Client mode keeps the EKV API but does not start SQLite, replication, GC, or
blue-green machinery on that node.

- Eventual reads become remote reads against the selected voter.
- `wait_for_route` can hold startup until a backend route is selected.
- `wait_for_quorum` can additionally hold startup until that backend reports CAS quorum reachable.
- `scan/2` and `keys/2` still return Elixir streams, but are backed by paged RPC.
- `subscribe/2` works in client mode; client subscribers are delivered cluster-wide.
- Routing, subscriptions, and shutdown coordination use an EKV-instance-specific
  `:pg` scope, so multiple EKV instances can share a cluster without mixing
  control traffic.
- After backend failover, eventual reads may observe an older replica view.
  Use `consistent: true` when freshness matters.

### Observer mode

Observer mode is for nodes that should keep a full local durable replica and
low-latency eventual reads locally, but should not increase the CAS voter set.

- Observers start SQLite, replication, GC, subscriptions, and anti-entropy.
- Eventual reads and eventual writes stay local on the observer.
- CAS reads and writes route to voters selected by `region_routing`.
- Successful observer CAS calls apply the committed result locally before
  replying, so immediate local eventual read-your-CAS-writes is preserved.
- Observers do not count toward CAS quorum, and clients do not route to them.
- `{:error, :unconfirmed}` on an observer still means "do a consistent read
  before trusting local eventual state"; the ambiguity may be remote CAS
  outcome or local observer visibility.

## How It Works

### Storage

Each shard has a single SQLite database (WAL mode) as its sole storage layer — no data is held in memory so your dataset is not bound by available system memory. Normal writes go through the shard GenServer and atomically update current state plus retained replay history in a single NIF call. Replay rows use a deduplicated `kv_keyrefs` dictionary so `kv_oplog` does not repeat full key strings on every version, and full sync rebuilds `kv` without seeding replay history on the receiver. Reads go directly to SQLite via per-scheduler read connections stored in `persistent_term`.

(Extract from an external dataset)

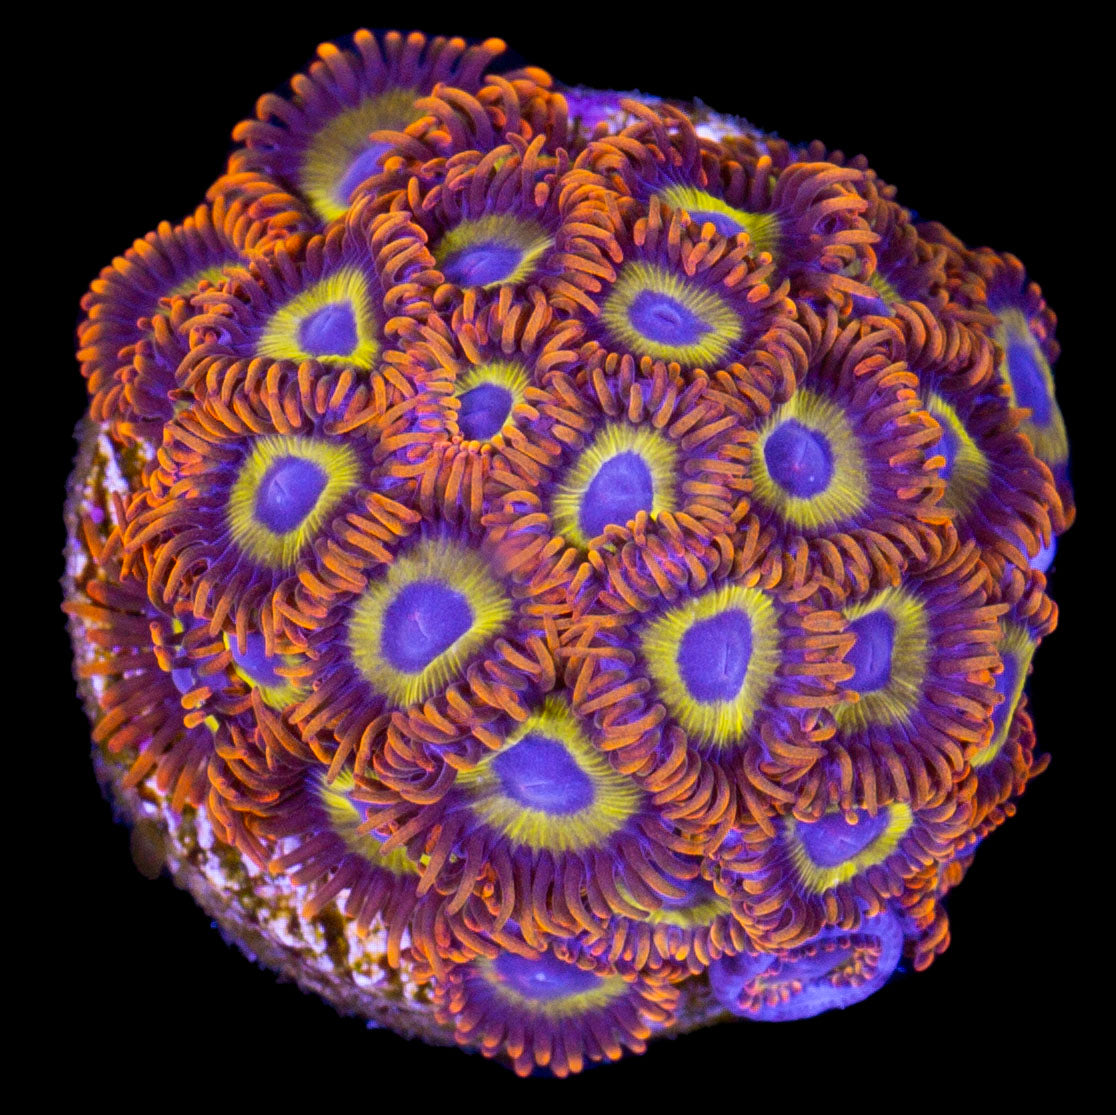 Fruit Loop Zoanthid coral
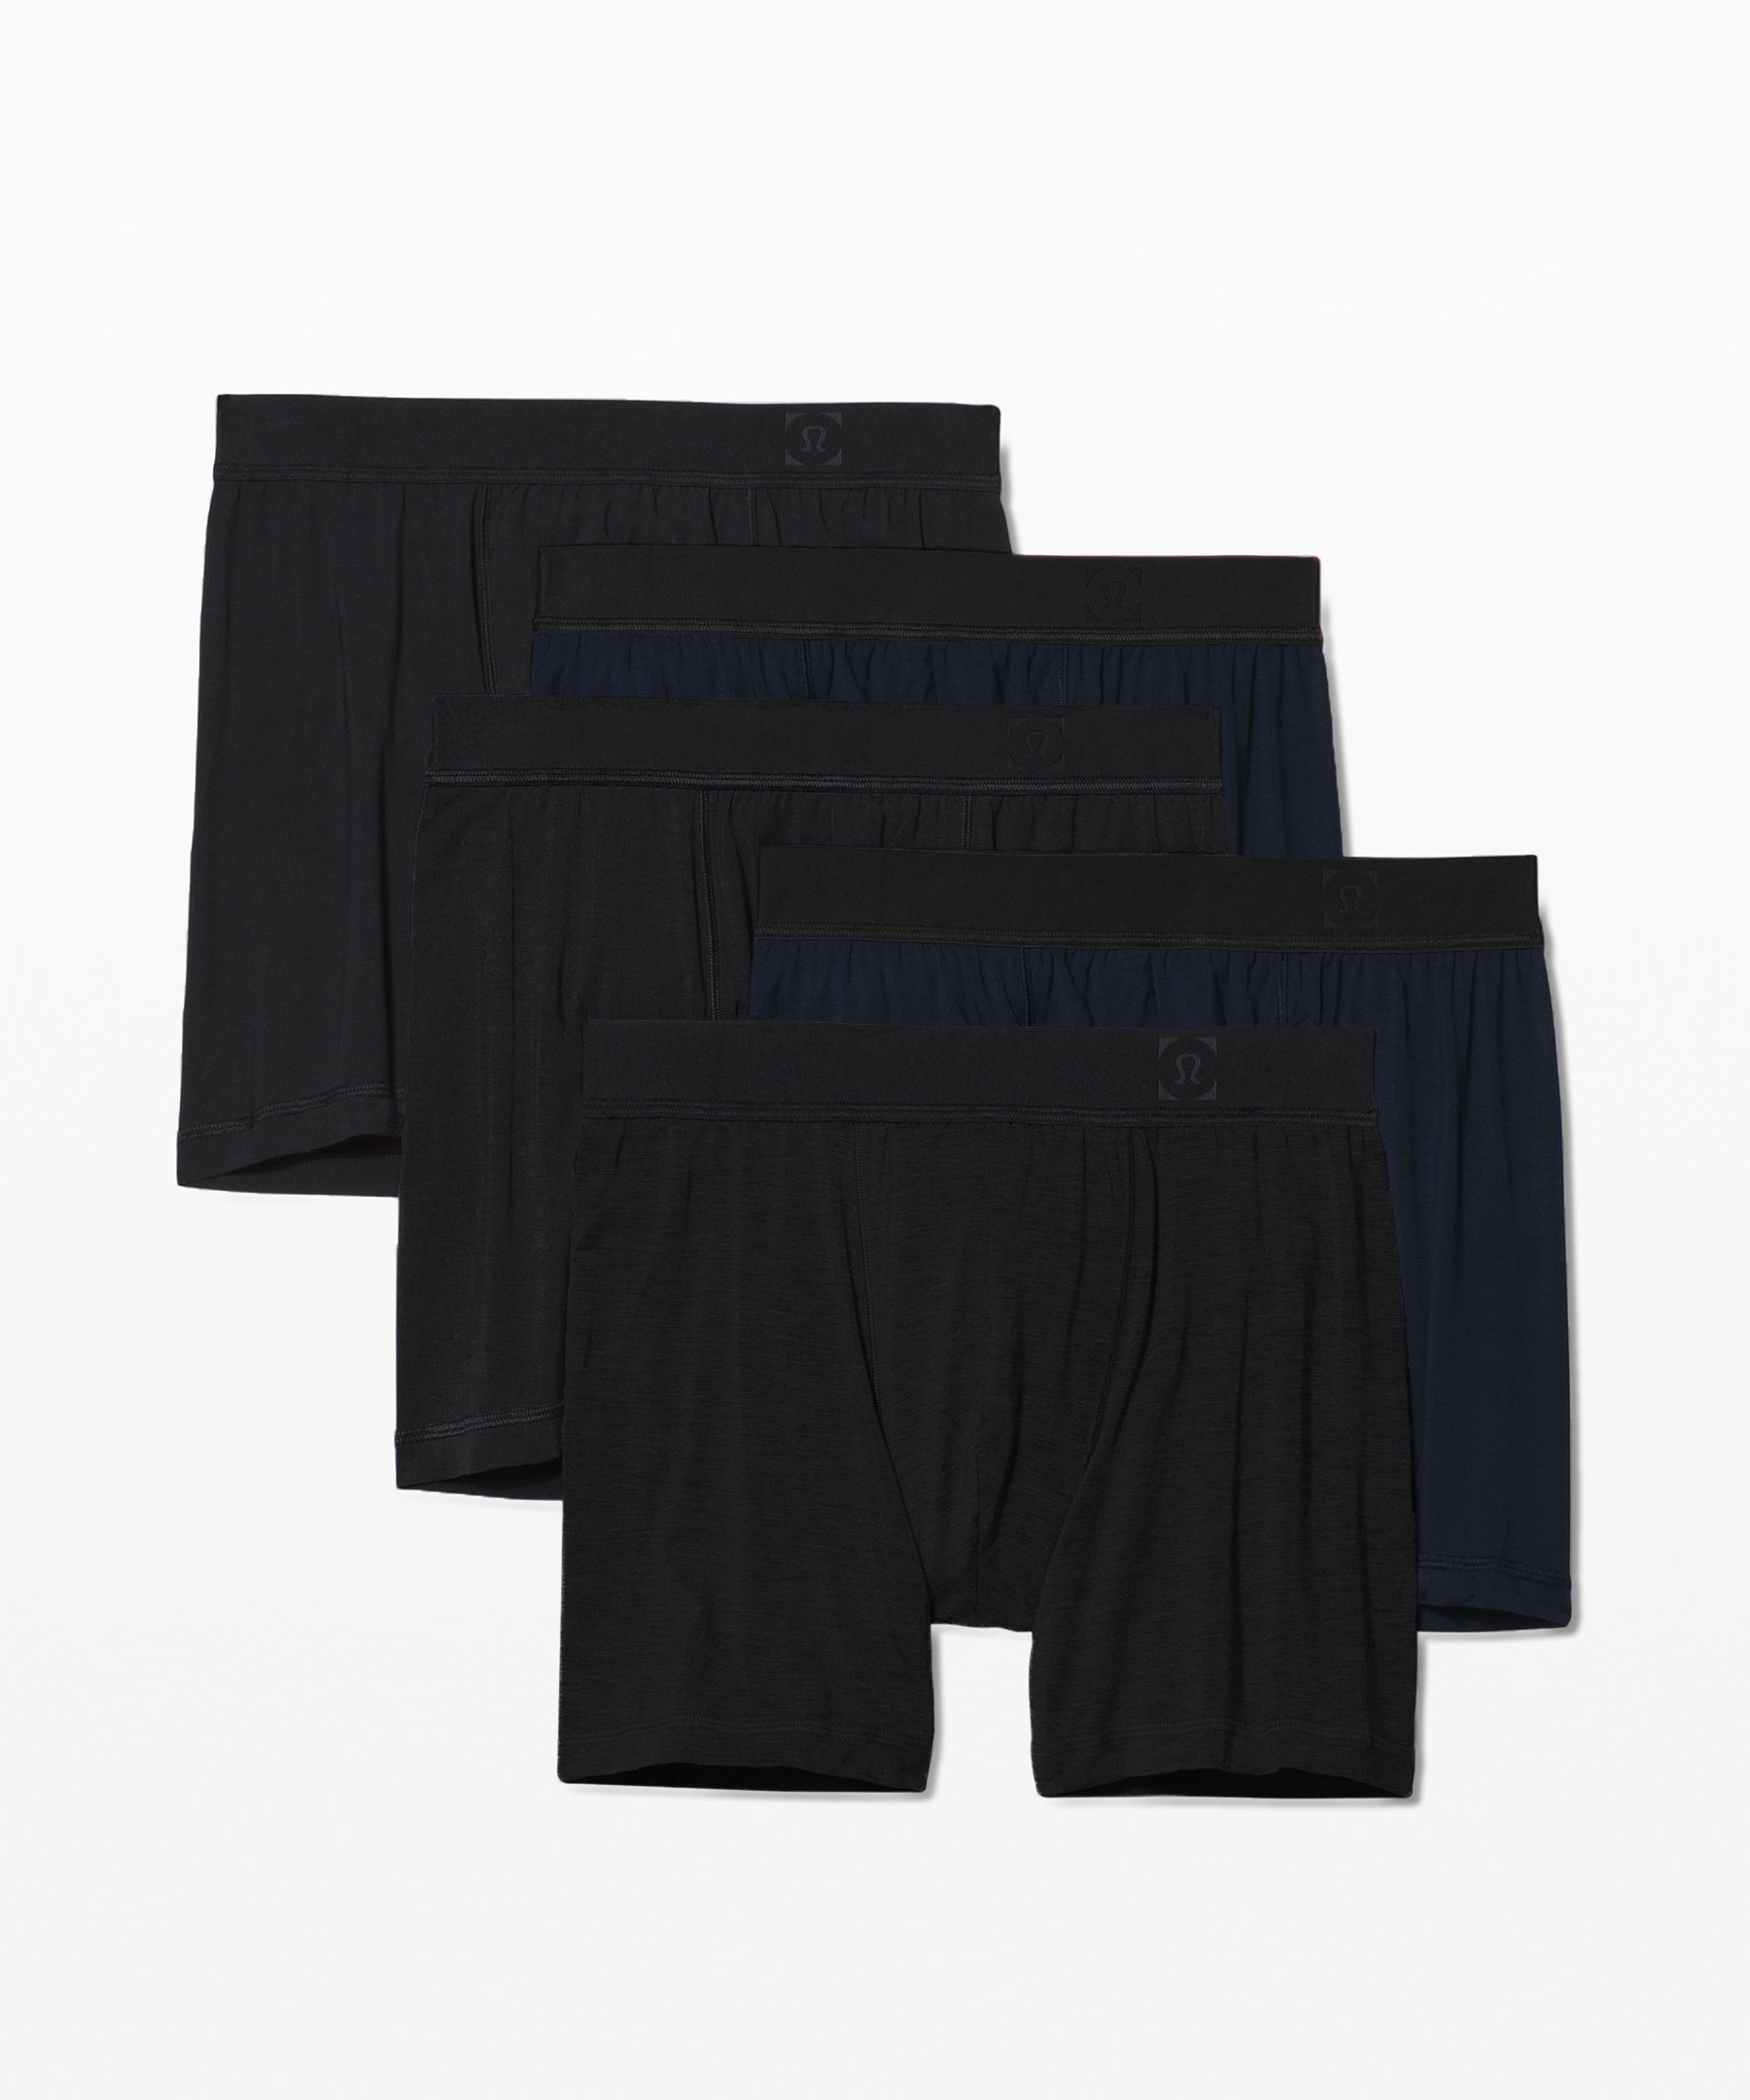 lululemon AIM Boxer - 5 - Black, Underwear

Data survives restarts automatically since SQLite is the source of truth.

### Replication

Every write is broadcast to the counterpart shard on all connected members. Member
discovery is self-contained by monitoring connected Erlang nodes going up
and down. Client routing, client subscriptions, and shutdown coordination are
separate and use an EKV-instance-specific `:pg` scope.

*Note: Node connection is left up to the user, ie either explicit `Node.connect/1`/`sys.config`, or using a library like `DNSCluster`, or `libcluster`.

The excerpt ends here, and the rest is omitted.